In Austen’s day, Jessica Leigh Hester writes for Atlas Obscura, the field of dentistry was still “painfully unstandardized,” and dental problems ran rampant.
According to the Jane Austen Center, oral hygiene was “not a well advocated practice” during the author’s lifetime. Simple tools such as toothpicks and toothbrushes made with hog’s hair were available, but as Lindsey Fitzharris reports for the Guardian, they “often caused more problems than they prevented.” The same can be said of the pulverized charcoal, salt, brick and chalk used as toothpaste.

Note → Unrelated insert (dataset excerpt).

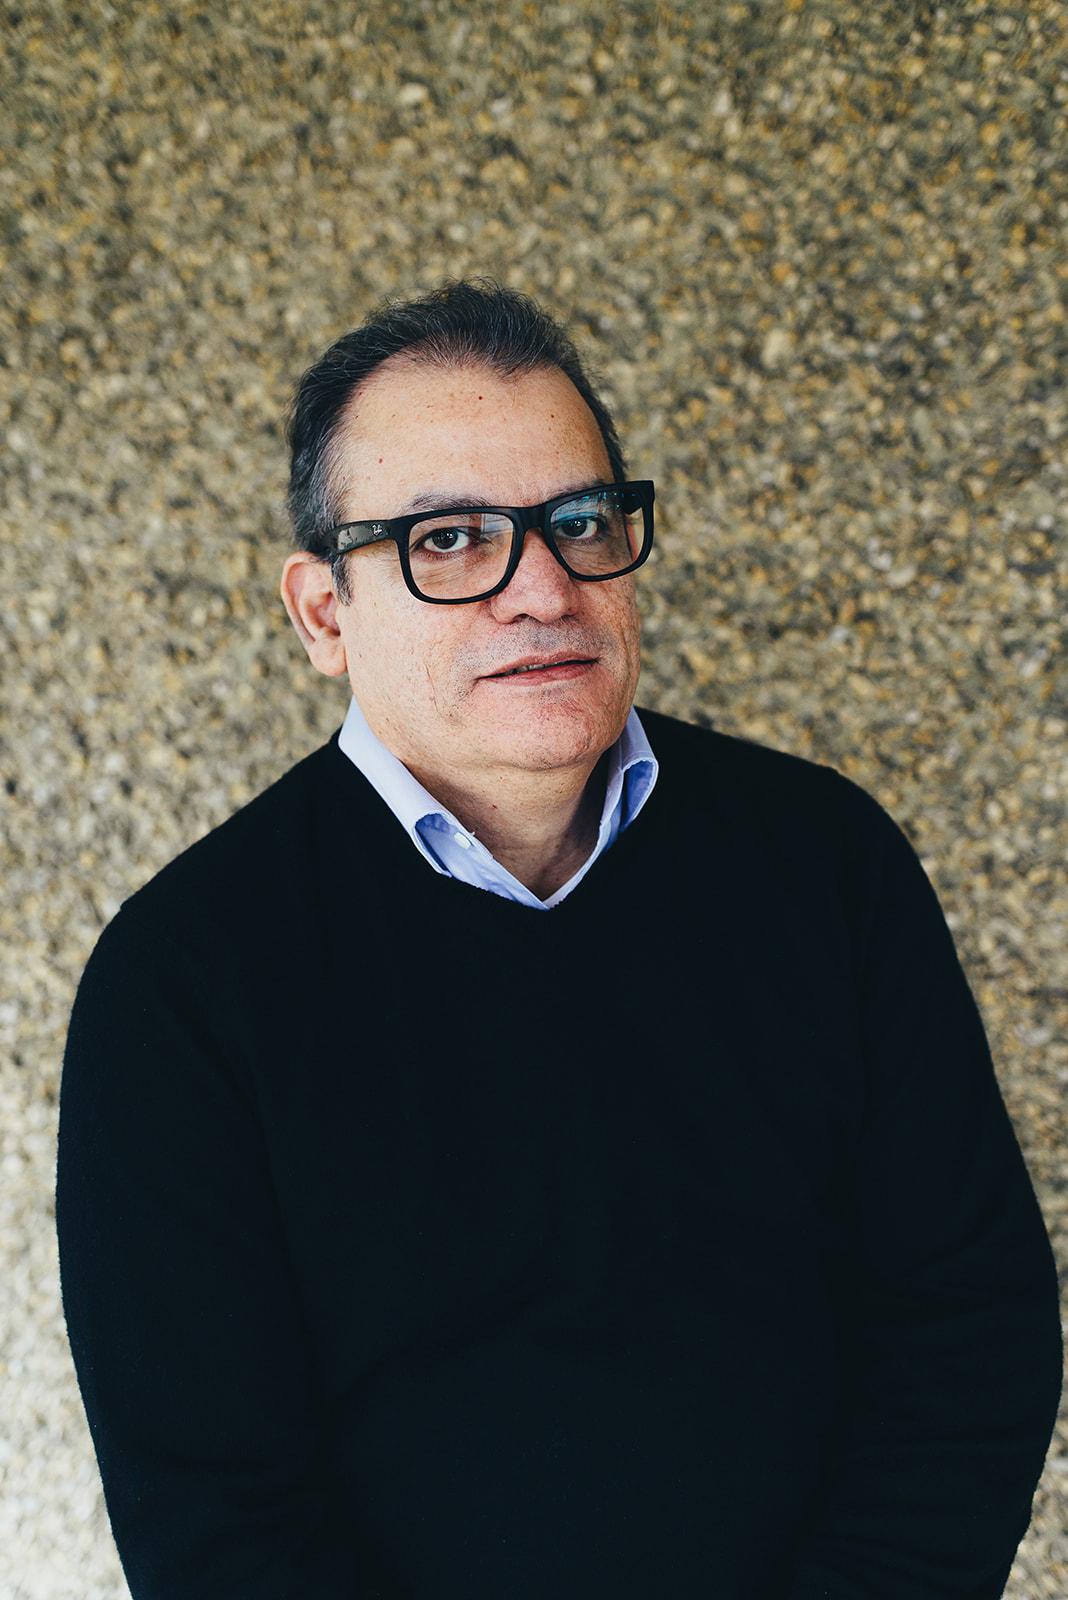 Felix Perello

When cavities inevitably arose, dentists could do little except extract the problematic tooth, performing a Little Shop of Horrors-esque procedure with instruments known as “pelicans” and “keys.”

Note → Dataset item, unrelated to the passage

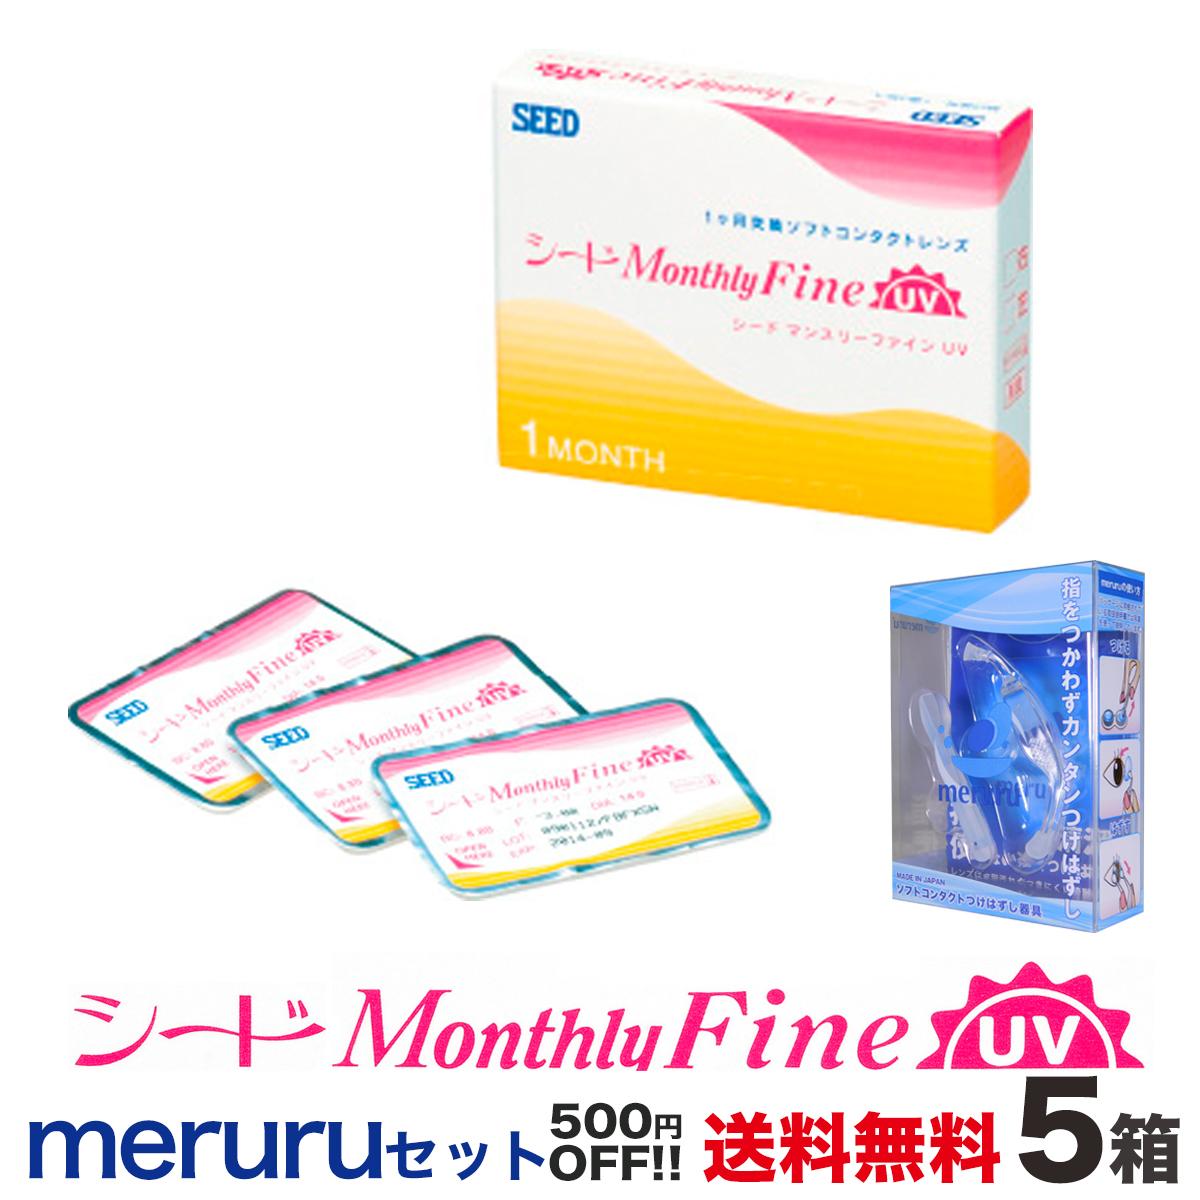 MonthlyFine UV 5箱+メルルセット 全国送料無料! セット購入で500円OFF! <1ヵ月交換タイプ ソフトコンタクトレンズ シード 1箱 3枚入り マンスリーファインUV>

“The pelican was a brutal instrument with a pad or bolster, which was placed on the side of the gum below the tooth to be extracted and a beak or claw which engaged the opposite side,” the Jane Austen Center explains. “A downward twist of the handle tore the tooth out of the mouth. The key was similar, but had a handle similar to that of a corkscrew and enabled the instrument to be used more comfortably from the front of the mouth instead of the side.”
Those with sufficient funds might fill gaps in their teeth with porcelain from willing donors in need of cash, but Fitzharris notes that replacement teeth were also pulled from dead bodies. Dentures, which were often ill-fitting and uncomfortable, came from similarly disturbing sources: George Washington—who, contrary to popular legend, did not boast false teeth made of wood—likely relied on dentures made from various materials, including metal alloys, cow and horse teeth, and human teeth.
“[He] probably gave his inaugural speech with teeth that were from people who were enslaved," Kathryn Gehred, a research specialist at the University of Virginia, told Live Science’s Stephanie Pappas in 2018. “It's grim.”
Filing, as experienced by Austen’s niece Lizzy during her trip to the dentist, was used to smooth out uneven teeth. Some believed it could also help prevent cavities. In reality, Rachel Bairsto, head of museum services at the British Dental Association Museum, tells Hester, “Overzealous filing [threatened to] make the teeth more sensitive.”
All of this is to say that bad, missing and aching teeth were simply a fact of life in the centuries before modern dentistry. So, when you find yourself dreading your next dental appointment, perhaps think of poor Lizzy, Marianne and Fanny. By comparison, you might consider yourself lucky.